Chapter 1
It Doesn’t Take a Prophet
You do not need divine intervention. You do not need to be a Prophet to make a Profit in the shop. However, before you can increase the profitability of the shop you must know how to determine profits. That takes a little accounting knowledge.
There are three items to consider, when evaluating the value of the shop.
- Profitability
- Return On Investment
- Cash Flow.
Profitability
To determine net profit or pre-tax profit of the repair department use the following financial formula:
Total Income - Total Expenses = Net Profit |
Profit can be stated as this dollar amount or as a percentage of income. This percentage is called the profit margin. To determine the percentage, divide the amount of profit by the total income. The resulting number is the Profit Margin.
Net Profit - Total Income = Profit Margin |
Although this seems like an extremely simple formula, the difficulty lies in the manner bookkeeping is kept in most retail jewelry stores. Not only are the numbers difficult to locate, what to include in the numbers is often confusing.
Total Income
In determining the total income for the shop, you must include the amount of work preformed that money is not collected. To determine the true profitability of the shop, credit must be given for all work completed. The repair department in many stores becomes a dumping ground for all free work relating to the sales of new merchandise.

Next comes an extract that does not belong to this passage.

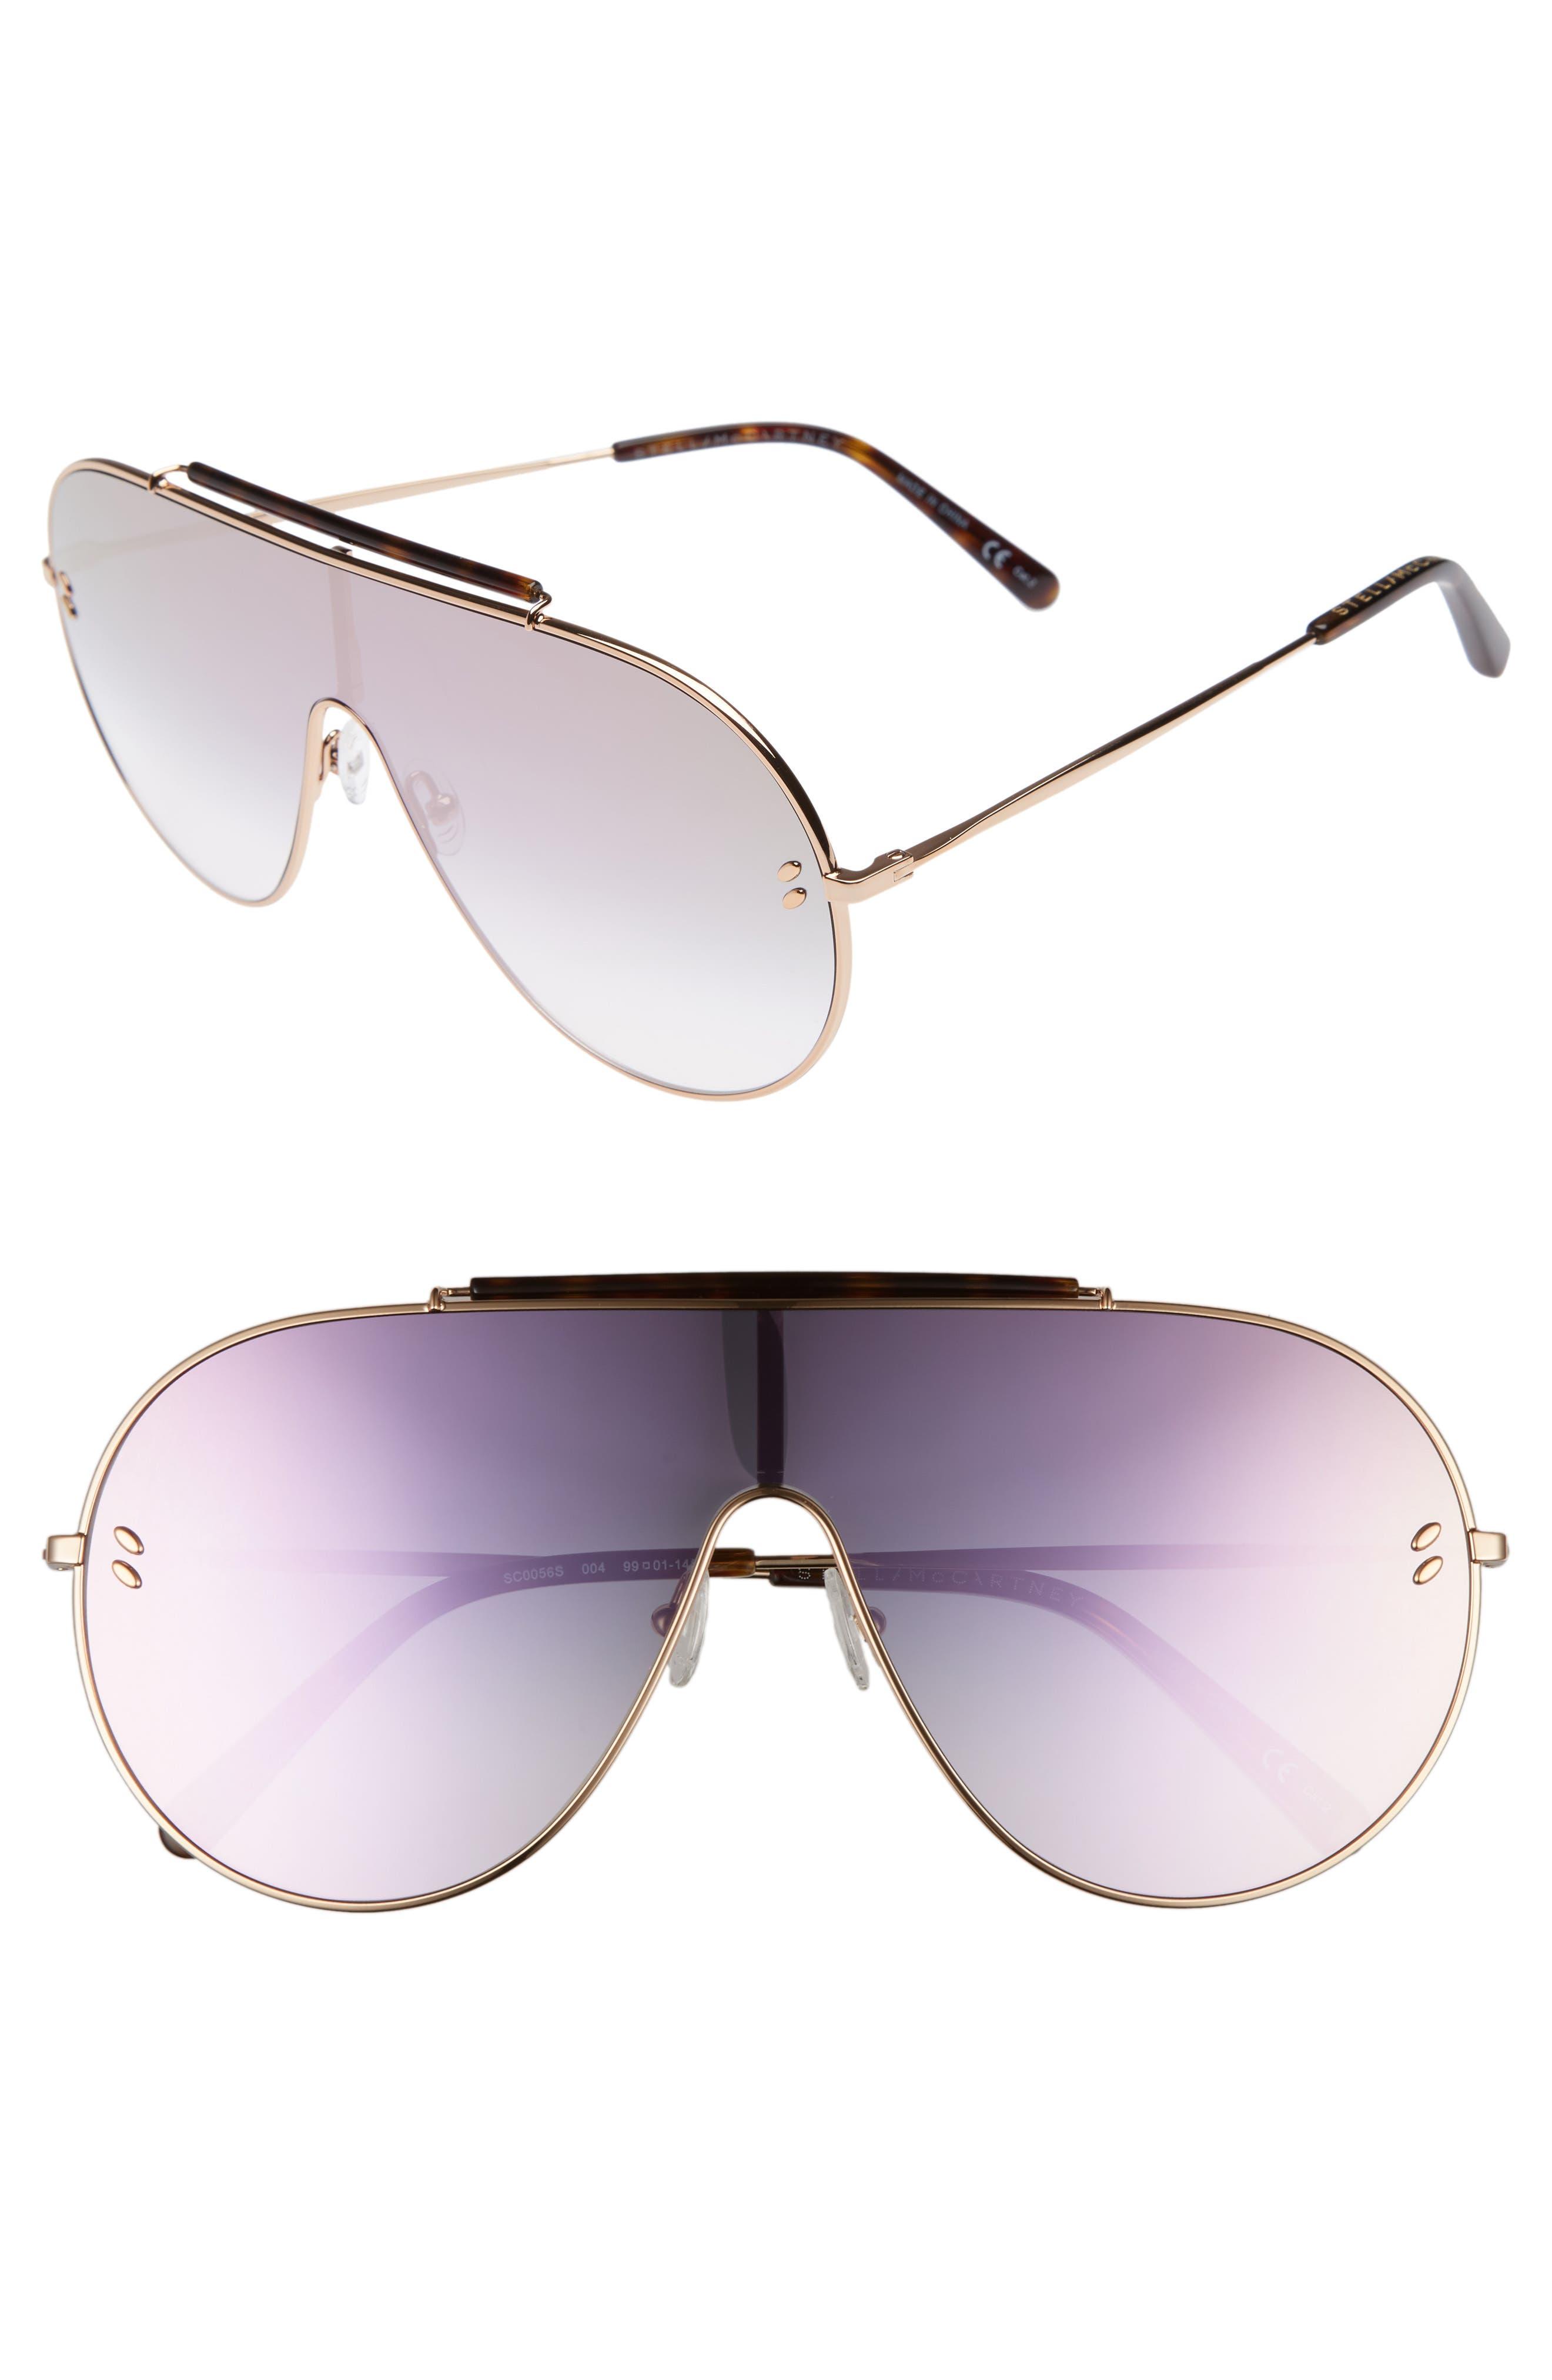 65mm Shield Sunglasses,                             Main thumbnail 1, color,                             Gold

For example: A woman came into a store wanting to have diamonds pavé set into her gold dome ring. The storeowner sold her 20 one point single cuts, as the customer did not want to spend much money. The store had a keystone mark-up on these diamonds, and a store policy to set at no charge all stones sold. The retail price of the one point single cuts was one half the price on the store's price list for pavé setting. The store was loosing money on this sale. However, the owner did not give it a second thought. His diamond department made a profit and repair departments loose money anyway.
Another store was doing a good business in charms or so the owner thought. He sold silver disk charms at keystone for $20. The store policy was to engrave and solder the charms onto a bracelet at no charge. For his $10 gross profit this storeowner was giving away $20 of shop labor.